All the analysis have to be conducted after data processing.
# data processing
processed_corr <- data_process(
corr_input, exclude_missing=TRUE, exclude_missing_pct=70,
replace_na_method='min', replace_na_method_ref=0.5,
normalization='Percentage')
The Correlation Coefficient gives a summary view of whether a
relationship exists between clinical features and lipid species, how
strong that relationship is, and whether the relationship is positive or
negative. The parameters’ cor_coef_cutoff
and
p_cutoff
can decide the correlation coefficient and p-value
cut-offs. The rule of thumb in medical research recommended by Mukaka
for interpreting the size of a correlation coefficient is provided below
(Mukaka 2012).
Size of Correlation | Interpretation |
---|---|
0.90 to 1.00 (-.90 to -1.00) | Very high positive (negative) correlation |
0.70 to .90 (-.70 to -.90) | High positive (negative) correlation |
0.50 to .70 (-.50 to -.70) | Moderate positive (negative) correlation |
0.30 to .50 (-.30 to -.50) | Low positive (negative) correlation |
0.00 to .30 (.00 to -.30) | negligible correlation |
First, we will conduct a correlation analysis for lipid species. Set
the type
parameter to Sp
. You can optionally
visualize the heatmap with side colors. To do this, specify the desired
characteristic in the side_color_char
parameter. Here, we
use class
as an example. If you prefer not to display side
colors, set side_color_char
to NULL. NOTE: The
char
parameter must be set to NULL for lipid species
correlation.
Before the analysis, we must determine the condition_col
parameter, selected from the column names from the group information
table. Follow the steps below to view all available options for
condition_col
.
# extract group information table
group_info <- extract_summarized_experiment(processed_corr)$group_info
# condition_col options (choose only columns with numeric values)
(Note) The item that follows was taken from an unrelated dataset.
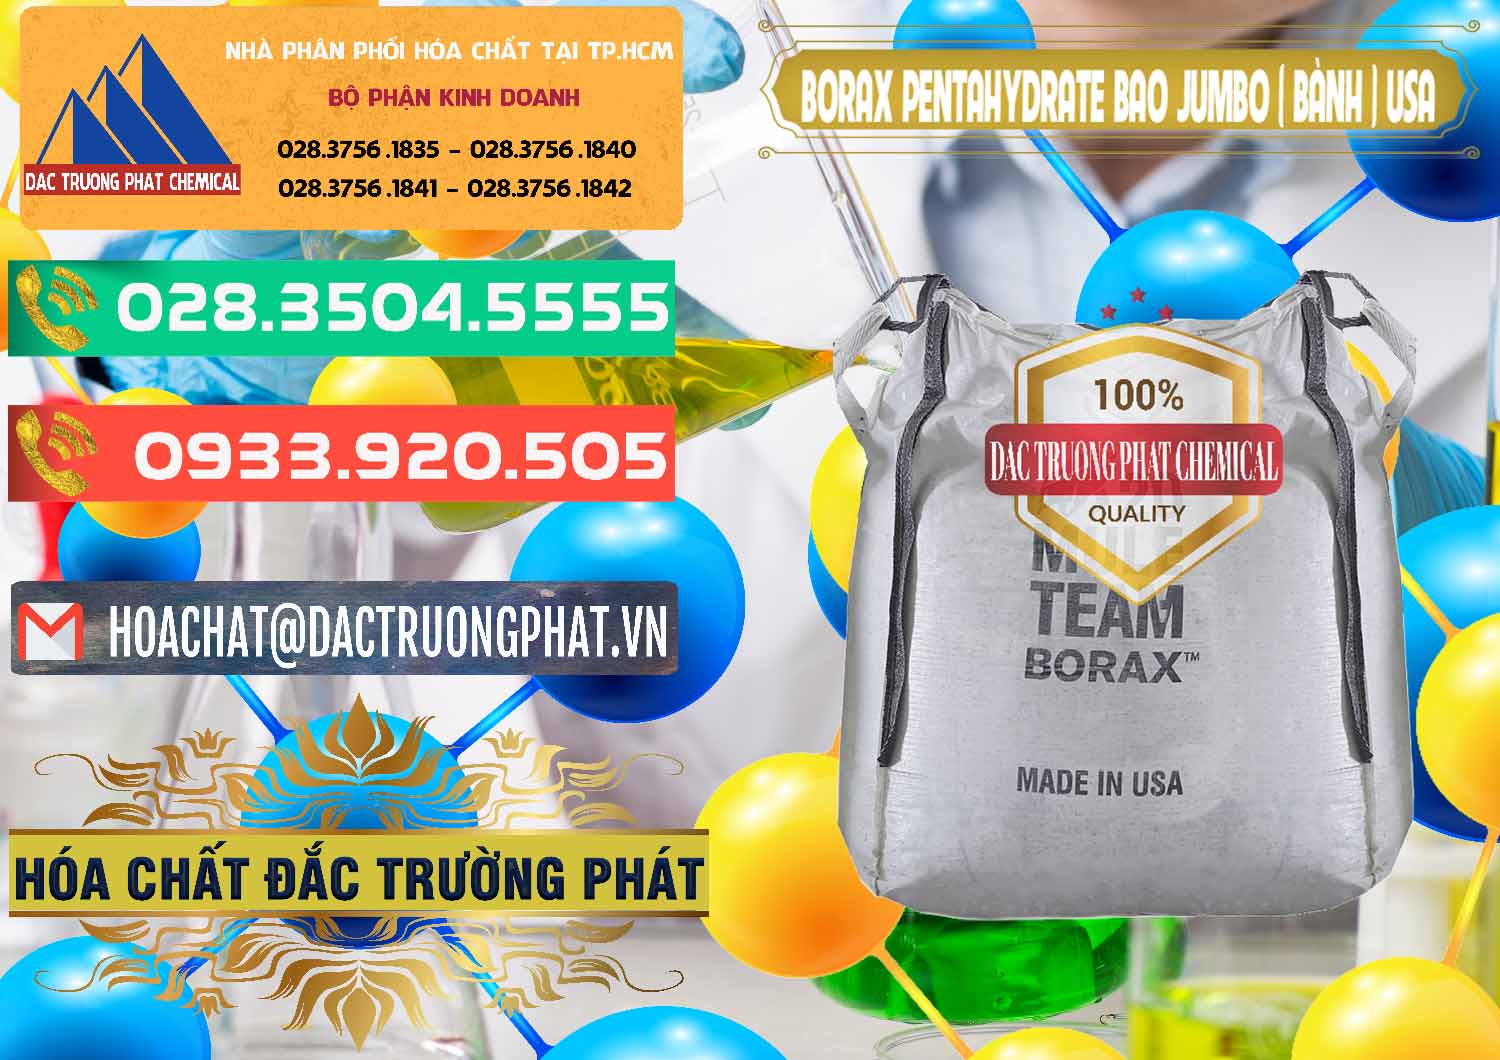 Nơi kinh doanh ( bán ) Borax Pentahydrate Bao Jumbo ( Bành ) Mule 20 Team Mỹ Usa - 0278 - Đơn vị chuyên cung ứng _ phân phối hóa chất tại TP.HCM - congtyhoachat.com.vn

condition_col_option <- str(group_info[-1])
#> 'data.frame': 129 obs. of 8 variables:
#> $ FEV1_FVC : num 0.29 0.57 0.79 0.39 0.37 0.41 0.79 0.58 0.39 0.48 ...
#> $ Emphysema : num 11.017 2.361 0.983 34.993 26.85 ...
#> $ Exacerbations: num 6 0 0 0 0 0 5 0 0 0 ...
#> $ Age : num 48.7 70.1 49.6 54.1 70.5 58.8 71.5 69.5 72.2 69.3 ...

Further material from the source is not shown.